The Perfect Storm
by Bud Clayman
I came out to Los Angeles again for the first time in two years with much trepidation. But isn’t that what life is all about — facing your fears??!!!
Why did I come out here to push myself beyond what most people with my OCD and Asperger’s Syndrome conditions wouldn’t do? For starters, I’m motivated to succeed in life and overcome all my fears. I’m sure there are better and nobler causes but for now this where I am.
The second reason is I love Los Angeles and have “unfinished” business here.
I had always wanted to live in Hollywood since I was a kid and be part of its celebrity and film milieu. I studied film in college and came out to the City of Angels in 1988 when I was a wee young lad of 27. My goal was to make my mark in the film world. For those of you have seen my film OC87: The Obsessive Compulsive, Major Depression, Bipolar, Asperger’s Movie, you’ll know that my first experience here was a disaster. I just didn’t have the emotional infrastructure in place to cope with this city or any other city at the time. I was getting weak therapy at the time that was not addressing my Asperger’s or OCD; so consequently, I had no friends and was extremely a-social and angry. Fast forward twenty-six years later and I have made a film: I have two gifted therapists, some nice funds in the bank, a very good support system of friends and family and an emotional toolbox that keeps growing week by week.
So, how’s it going, you ask?
My first few days in Los Angeles were both good and bad. I came here to be a presenter for the first time at the International OCD Foundation’s national convention. The presentation took place last Friday and went off very nicely — if I do say so myself. I was part of a group that discussed the relationship between therapists, psychiatrists, and OCD consumers. In other words, keeping the psychiatrist who prescribes medication on the same page with the therapist is extremely important (I had forgotten to tell my therapist about a med change and I started having all these weird satanic theories about which people in the population were working for the devil? Really far out stuff!).

Bud Clayman, Jon Hershfield, MFT, Bruce Hershfield, MD, Stephanie Zisook, MD, Jeff Bell (KCBS Newsradio / IOCDF Spokesperson), image courtesy of Roberto Farren Photography
I then went to see my sister Debbie and her husband Larry for a fantastic lunch at Ivy’s — a really great restaurant on North Robertson Boulevard in Beverley Hills. I was socially on fire! You would never know I had Asperger’s Syndrome. I was fully engaged with my sister and her husband.
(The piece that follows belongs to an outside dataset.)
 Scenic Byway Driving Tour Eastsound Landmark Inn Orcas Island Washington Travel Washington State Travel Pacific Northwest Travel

But then a big bump in the road occurred at night. I went to what is called a “virtual camping trip.” This is where all the attendees from the convention go out at night with Dr. Jonathan Grayson, the OCD maestro. Dr. Grayson and his staff do what is called Exposure Response Prevention (ERP). ERP attempts to expose you to your OCD related fears. It gets you to face your anxiety at a level you can tolerate so you become used to having the thoughts and feelings. So, for example, since I suffer from harm OCD, I had to walk through a crowd of people with a huge pen-knife as they purposely screamed at the top of their lungs to simulate being stabbed by me and the other women who were doing the exposure with me. About one hundred attendees were at the event; most formed two long lines that were about fifty people on each side of us. A year or two ago, I would have had problems holding a knife to them fearing I could kill them but I had done this type of exposure with my cognitive-behavioral-therapist in January. I literally held a knife to his neck just to expose to having violent thoughts and seeing that I can have them without acting on them.
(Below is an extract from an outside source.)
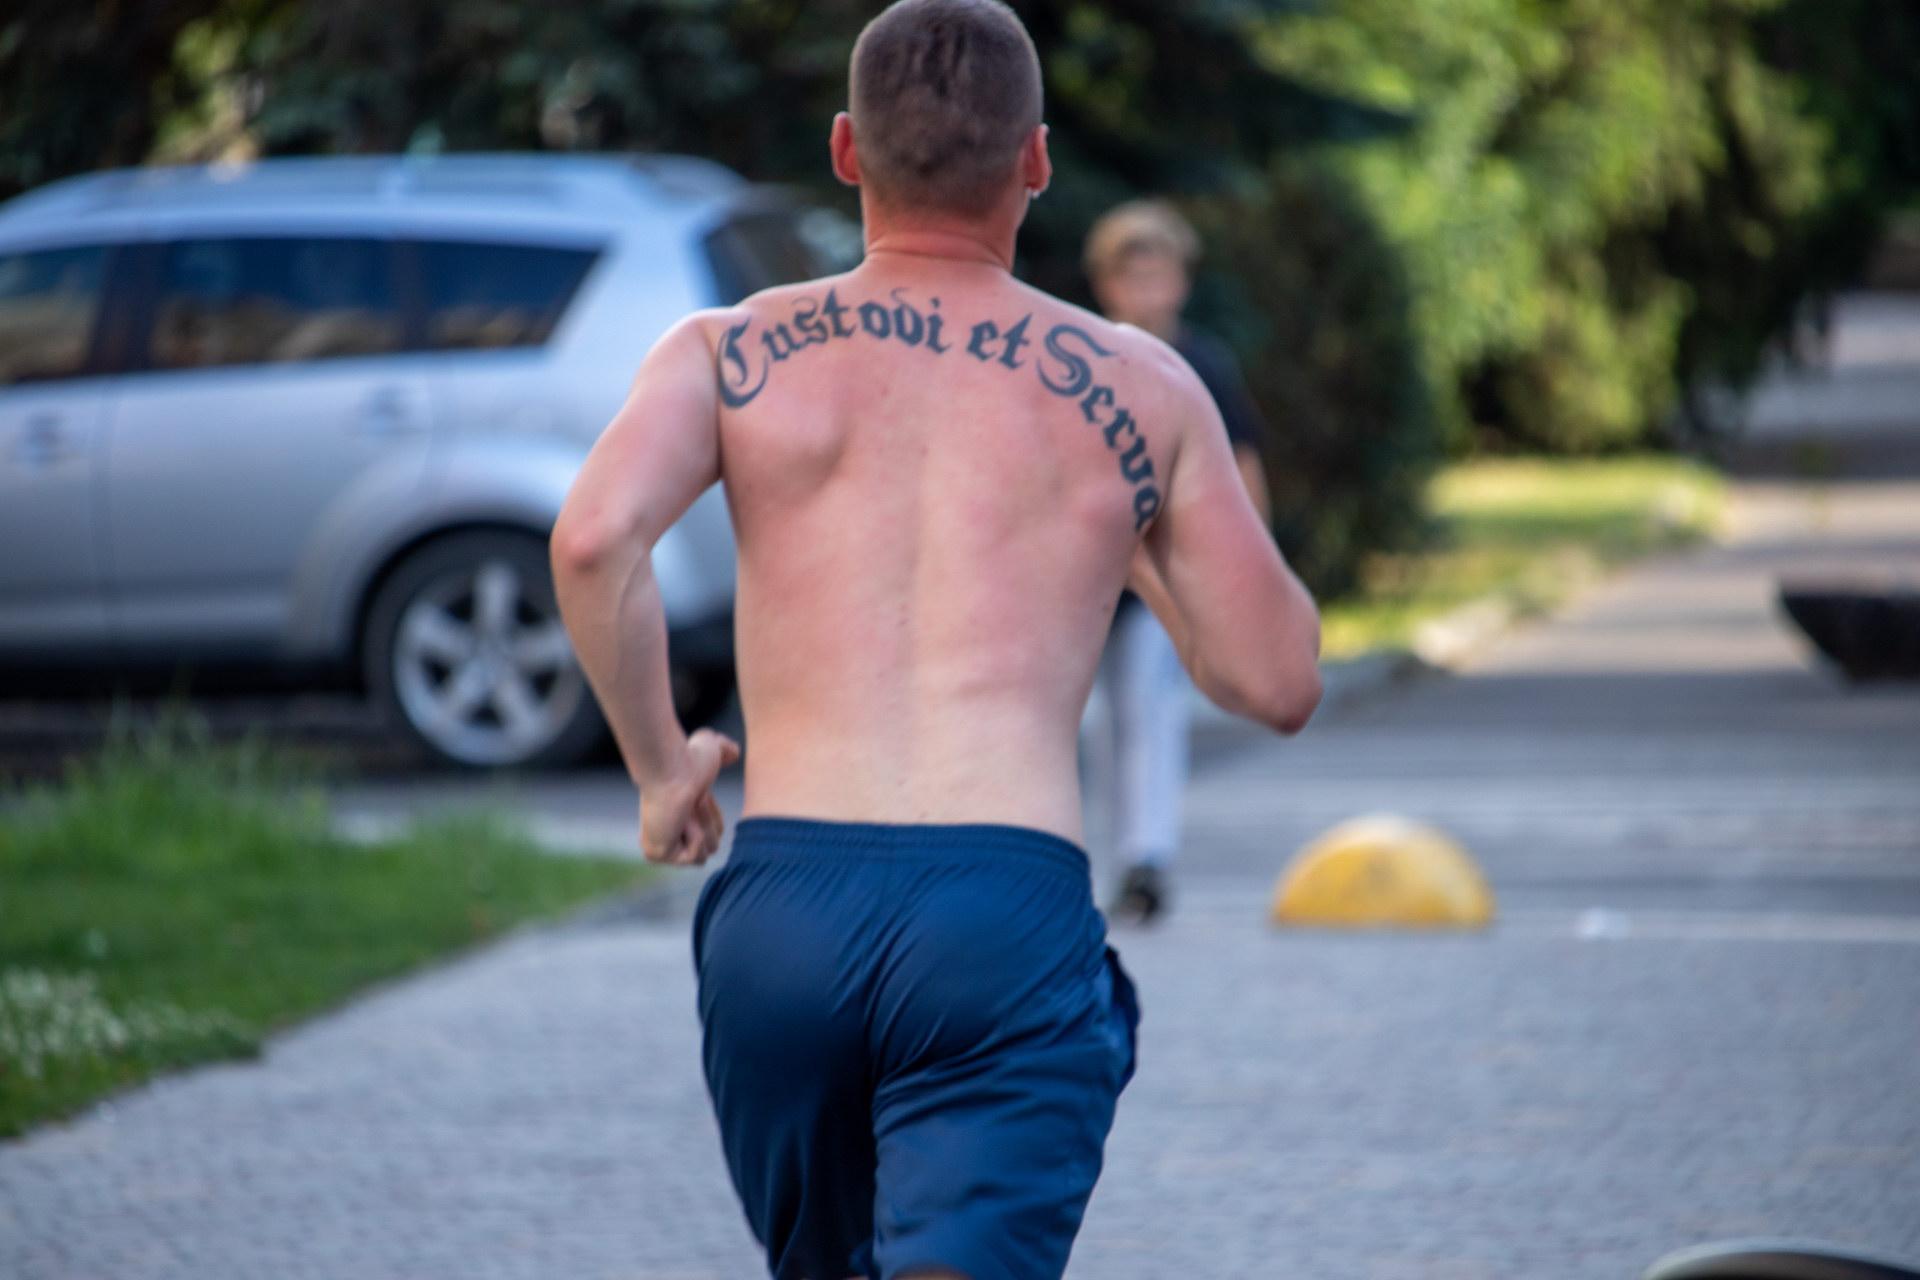 Тату надпись на спине парня Custodi et serva – спаси и сохрани на латыни - street tattoo № 07 – 24.06.2020 – tatufoto.com 1

Dr. Grayson and Bud in the film OC87
I did the same here at this “camping trip.” But this time I knew I was getting better because I had very little anxiety at all. The most that came out of me was a whine or a grimace. The reason I signed up for this event was that I wanted to be social with people and continue the plan for going to social events that I had laid out with my Asperger’s therapist.
But it’s what happened after the knife experiment that really threw me — I totally shut down emotionally. And this is not like me at this stage of my life. Basically, I walked around the rest of the camping trip not wanting to talk or engage with anybody. I told myself at the time that I was tired which was partly the truth since it had been a long day already.
But that wasn’t the whole truth. When I got back to my hotel room, I realized the real reason I had shut down: I didn’t want to be someone who was mentally ill. I wanted, unfortunately, to be better than these people at the camping trip.
Yet, perhaps, it is me who has the real problem. I cannot accept people for who they are and want them to be something they are not. I want myself to be something I am not most of the time. That is the one of the reasons that I do mindfulness-based training. Modeled after the teachings of Jon Kabat-Zinn (who in turn based his concepts on that of the Buddha), mindfulness teaches you to be in the present moment as much as possible. Had I been more adept at the practice (it takes a lot of skill and time), I would have accepted the virtual campers for who they were: human beings who are just trying to make it in the world as I am.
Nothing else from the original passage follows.